• [Exercise] Whenever a line in the data holds the string "Images", pull that line out.

──────

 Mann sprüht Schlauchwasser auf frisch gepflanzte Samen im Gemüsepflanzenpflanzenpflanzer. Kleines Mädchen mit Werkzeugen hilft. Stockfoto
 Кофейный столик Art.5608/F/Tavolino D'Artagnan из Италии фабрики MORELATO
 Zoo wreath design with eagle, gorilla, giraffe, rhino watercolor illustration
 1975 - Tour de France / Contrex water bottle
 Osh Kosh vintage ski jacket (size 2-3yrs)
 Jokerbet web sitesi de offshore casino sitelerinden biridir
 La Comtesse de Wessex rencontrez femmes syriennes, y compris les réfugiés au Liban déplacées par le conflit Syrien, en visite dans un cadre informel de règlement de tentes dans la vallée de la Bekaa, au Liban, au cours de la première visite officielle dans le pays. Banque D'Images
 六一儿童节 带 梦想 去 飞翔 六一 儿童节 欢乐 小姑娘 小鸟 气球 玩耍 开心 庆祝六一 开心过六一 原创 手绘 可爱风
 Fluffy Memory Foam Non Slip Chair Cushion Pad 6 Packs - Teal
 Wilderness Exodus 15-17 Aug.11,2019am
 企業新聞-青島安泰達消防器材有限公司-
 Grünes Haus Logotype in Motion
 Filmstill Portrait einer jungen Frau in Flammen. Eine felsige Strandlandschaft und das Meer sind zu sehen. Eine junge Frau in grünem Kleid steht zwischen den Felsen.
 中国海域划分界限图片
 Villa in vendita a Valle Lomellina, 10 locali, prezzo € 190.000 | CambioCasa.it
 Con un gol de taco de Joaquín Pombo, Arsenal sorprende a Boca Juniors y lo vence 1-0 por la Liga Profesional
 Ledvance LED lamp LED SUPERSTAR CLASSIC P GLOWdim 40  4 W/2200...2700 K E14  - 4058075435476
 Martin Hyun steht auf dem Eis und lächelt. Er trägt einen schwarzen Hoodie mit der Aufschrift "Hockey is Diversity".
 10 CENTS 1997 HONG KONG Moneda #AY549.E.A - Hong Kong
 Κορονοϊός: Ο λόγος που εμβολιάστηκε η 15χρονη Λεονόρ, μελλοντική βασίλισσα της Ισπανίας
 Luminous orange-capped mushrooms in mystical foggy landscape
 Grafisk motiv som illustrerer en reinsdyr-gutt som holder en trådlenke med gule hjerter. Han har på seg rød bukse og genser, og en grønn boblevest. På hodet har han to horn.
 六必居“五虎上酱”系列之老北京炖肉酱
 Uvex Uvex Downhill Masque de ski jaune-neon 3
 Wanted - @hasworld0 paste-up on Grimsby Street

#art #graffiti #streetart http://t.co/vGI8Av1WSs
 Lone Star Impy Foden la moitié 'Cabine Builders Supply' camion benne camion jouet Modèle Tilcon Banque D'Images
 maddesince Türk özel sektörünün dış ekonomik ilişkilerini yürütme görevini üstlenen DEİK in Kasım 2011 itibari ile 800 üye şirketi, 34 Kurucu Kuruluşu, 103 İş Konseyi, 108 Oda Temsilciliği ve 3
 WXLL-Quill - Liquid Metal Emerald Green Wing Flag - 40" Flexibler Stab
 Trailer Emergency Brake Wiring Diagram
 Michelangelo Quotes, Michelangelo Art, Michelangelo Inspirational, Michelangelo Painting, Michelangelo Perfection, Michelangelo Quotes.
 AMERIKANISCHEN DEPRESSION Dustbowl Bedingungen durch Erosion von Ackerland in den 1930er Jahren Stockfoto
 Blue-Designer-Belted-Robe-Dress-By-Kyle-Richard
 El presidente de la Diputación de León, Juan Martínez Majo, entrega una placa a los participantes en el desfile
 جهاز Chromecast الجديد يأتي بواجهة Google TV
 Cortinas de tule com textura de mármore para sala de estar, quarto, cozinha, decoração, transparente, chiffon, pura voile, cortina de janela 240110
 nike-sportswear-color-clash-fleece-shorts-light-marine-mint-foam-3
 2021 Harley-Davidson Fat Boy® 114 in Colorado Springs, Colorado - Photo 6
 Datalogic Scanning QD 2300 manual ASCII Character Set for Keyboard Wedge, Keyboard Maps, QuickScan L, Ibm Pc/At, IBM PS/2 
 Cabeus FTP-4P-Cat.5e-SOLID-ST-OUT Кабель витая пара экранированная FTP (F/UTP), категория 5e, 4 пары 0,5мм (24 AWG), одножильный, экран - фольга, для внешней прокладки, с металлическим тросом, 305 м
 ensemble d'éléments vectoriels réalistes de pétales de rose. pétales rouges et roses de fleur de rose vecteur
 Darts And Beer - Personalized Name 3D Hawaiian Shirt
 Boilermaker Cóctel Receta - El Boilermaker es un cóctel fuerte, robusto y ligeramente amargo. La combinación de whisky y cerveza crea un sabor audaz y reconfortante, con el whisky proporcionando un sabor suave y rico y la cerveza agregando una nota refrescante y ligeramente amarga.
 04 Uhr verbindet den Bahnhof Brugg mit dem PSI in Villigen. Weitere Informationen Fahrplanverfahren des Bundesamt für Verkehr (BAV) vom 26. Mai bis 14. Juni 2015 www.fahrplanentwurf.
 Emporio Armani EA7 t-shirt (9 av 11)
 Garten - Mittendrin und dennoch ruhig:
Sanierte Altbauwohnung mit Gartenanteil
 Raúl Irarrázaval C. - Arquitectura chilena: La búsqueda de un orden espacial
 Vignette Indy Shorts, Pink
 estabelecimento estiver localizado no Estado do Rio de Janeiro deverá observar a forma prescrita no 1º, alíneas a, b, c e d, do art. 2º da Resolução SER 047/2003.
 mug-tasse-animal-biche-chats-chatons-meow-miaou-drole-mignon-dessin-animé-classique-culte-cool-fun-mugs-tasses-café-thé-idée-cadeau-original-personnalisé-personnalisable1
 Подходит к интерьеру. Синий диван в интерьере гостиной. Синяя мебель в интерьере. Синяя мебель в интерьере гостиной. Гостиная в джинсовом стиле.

──────

• [Exercise result]
 La Comtesse de Wessex rencontrez femmes syriennes, y compris les réfugiés au Liban déplacées par le conflit Syrien, en visite dans un cadre informel de règlement de tentes dans la vallée de la Bekaa, au Liban, au cours de la première visite officielle dans le pays. Banque D'Images
 Lone Star Impy Foden la moitié 'Cabine Builders Supply' camion benne camion jouet Modèle Tilcon Banque D'Images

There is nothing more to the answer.